Angka kecelakaan kerja di Indonesia masih tinggi. Akhir tahun 2015
telah terjadi kecelakaan kerja sebanyak 105.182 kasus. Sementara itu, untuk
kasus kecelakaan berat yang mengakibatkan kematian tercatat sebanyak 2.375
kasus dari total jumlah kecelakaan kerja (BPJS, 2016).
Dirjen Pembinaan Pengawasan Ketenagakerjaan dan Keselamatan dan
Kesehatan Kerja (PPK dan K3) Kementrian Ketenagakerjaan (Kemnaker).
total jumlah kecelakaan kerja setiap tahunya mengalami peningkatan hingga
5%. Namun, untuk kecelakaan kerja berat peningkatanya cukup besar
5%-10% setiap tahunnya.
Untuk jumlah kasus penyakit akibat kerja tahun 2011-2014, tahun 2011
sejumlah 57.929; tahun 2012 sejumlah 60.322; tahun 2013 sejumlah 97.144;
tahun 2014 sejumlah 40.696. Provinsi dengan jumlah kasus penyakit akibat
kerja tertinggi pada tahun 2011 adalah Provinsi Jawa Tengah, Sulawesi Utara,
dan Jawa Timur; tahun 2012 adalah Povinsi Sumatra Utara, Sumtra Selatan,
dan Jawa Barat; tahun 2013 adalah Provinsi Banten, Gorontalo, dan Jambi;
tahun 2014 adalah Provisni Bali, Jawa Timur dan Sulawesi Selatan (BPS,
2015).
Angka kecelakaan kerja di Provinsi Jawa Tengah pada tahun 2015
tercatat sebanyak 7.886 kasus kecelakaan kerja (BPJS, 2016). Sedangkan di
Kabupaten Banjarnegara sendiri terjadi 24 kecelakaan ditempat kerja pada
tahun 2014 dan masih banyak kecelakaan-kecelakaan kerja yang belum
diketahui (Suara Merdeka, 2015). Salah satu penyebab kejadian ini adalah
pelaksanaan dan pengawasan K3 yang belum maksimal, sekaligus perilaku
masyarakat industri pada khususnya dan masyarakat pada umumnya belum
optimal.
Jumlah angkatan kerja di Indonesia pada agustus 2014 mencapai 118,0
juta orang. Selama setahun terahir (Agustus 2013-Agustus 2014), jumlah
penduduk yang bekerja mengalami kenaikan terutama di sektor indutri sekitar
orang (2,70%). Agsutus 2014 terdapat sekitar 44,2 juta orang (39,86%)

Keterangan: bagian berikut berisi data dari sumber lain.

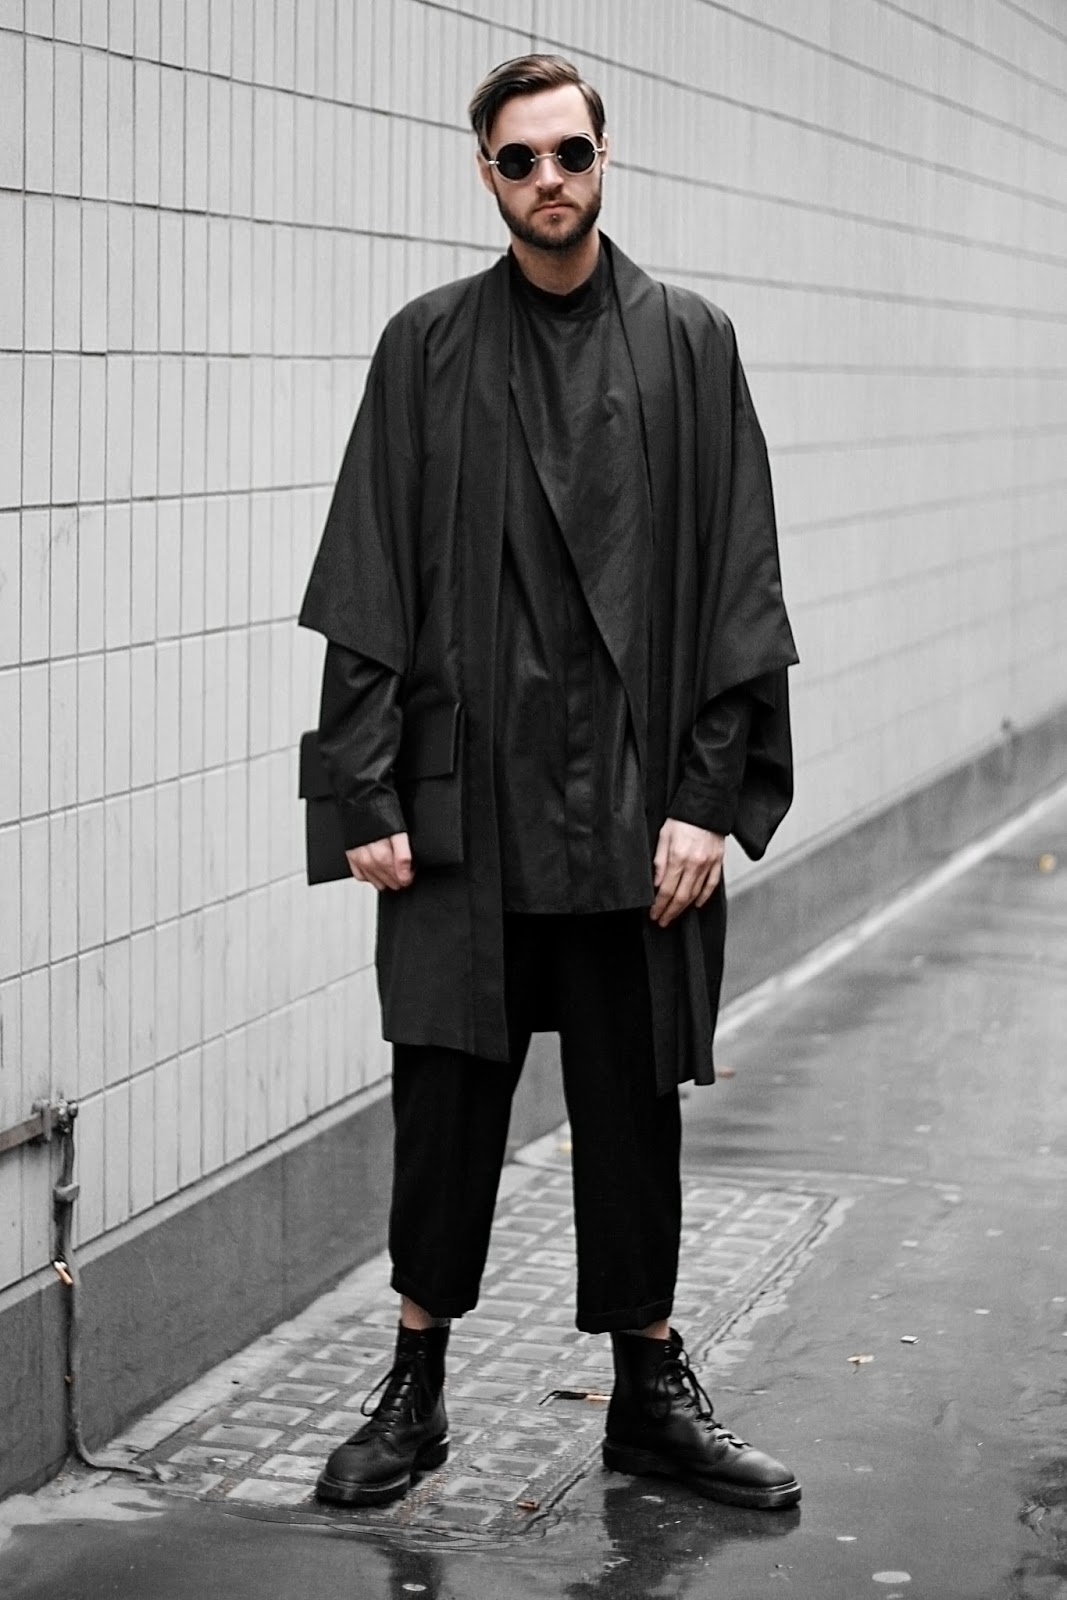 His Name Is Fashion His Name Is Samurai

bekerja pada sektor formal dan 66,6 juta orang (60,14%) bekerja pada sektor
informal (BPS, 2014)
Beberapa jenis usaha sektor informal yaitu home industri, seperti
bengkel motor maupun mobil dan sebagainya. Kecenderungan dari tenaga
kerja disektor informal adalah masyarakat yang memiliki jenjang pendidikan
yang tidak terlalu tinggi. Hal ini dibuktikan data BPS 2014 pada Agustus
2014, penduduk bekerja pada jenjang pendidikan SD kebawah sebesar 53,9
juta orang (58,63%), sedangkan penduduk bekerja dengan pendidikan
diploma sekitar 3,0 juta orang (,2,86%) dan penduduk bekerja dengan
pendidikan universitas hanaya sebesar 7,0 juta orang (6,30%). (BPS, 2014)
WHO melaporkan bahwa faktor resiko kerja memberikan kontribusi
pada beberapa penyakit antara lain penyakit punggung (37%), kehilangan
kemampuan pendengaran (16%), penyakit paru obstruktif kronis (13%), asma
(11%), kecelakaan (10%), kangker paru (9%), leukimia (2%). Keselamatan
dan Kesehatan Kerja (K3) merupakan salah satu perlindungan tenaga kerja
disegela jenis bidang usaha, baik formal maupun informal. Kegiatan dan
penerapan K3 terhadap tenaga disektor formal, pada umunya sudah
diterapkana dengan baik. Sedangkan penerapan disektor informal belum
diketahui dengan baik (BPS, 2014).
Sektor usaha informal dengan kecenderungan tersebut menyebabkan
sistem manajemen keselamatan kerja tidak bisa diterapkan karena kurangnya
sektor informal pada umunya kurang memperhatikan kaidah keamanan dan
dan kesehatan kerja.
Salah satu jenis usaha informal itu sendiri adalah begkel motor. Pusat
servis otomotif bengkel, bengkel diler besar, bengkel sevise pinggir kota, dan
bengkel kecil semua mempunyai bahaya kerja seperti pada indutri besar.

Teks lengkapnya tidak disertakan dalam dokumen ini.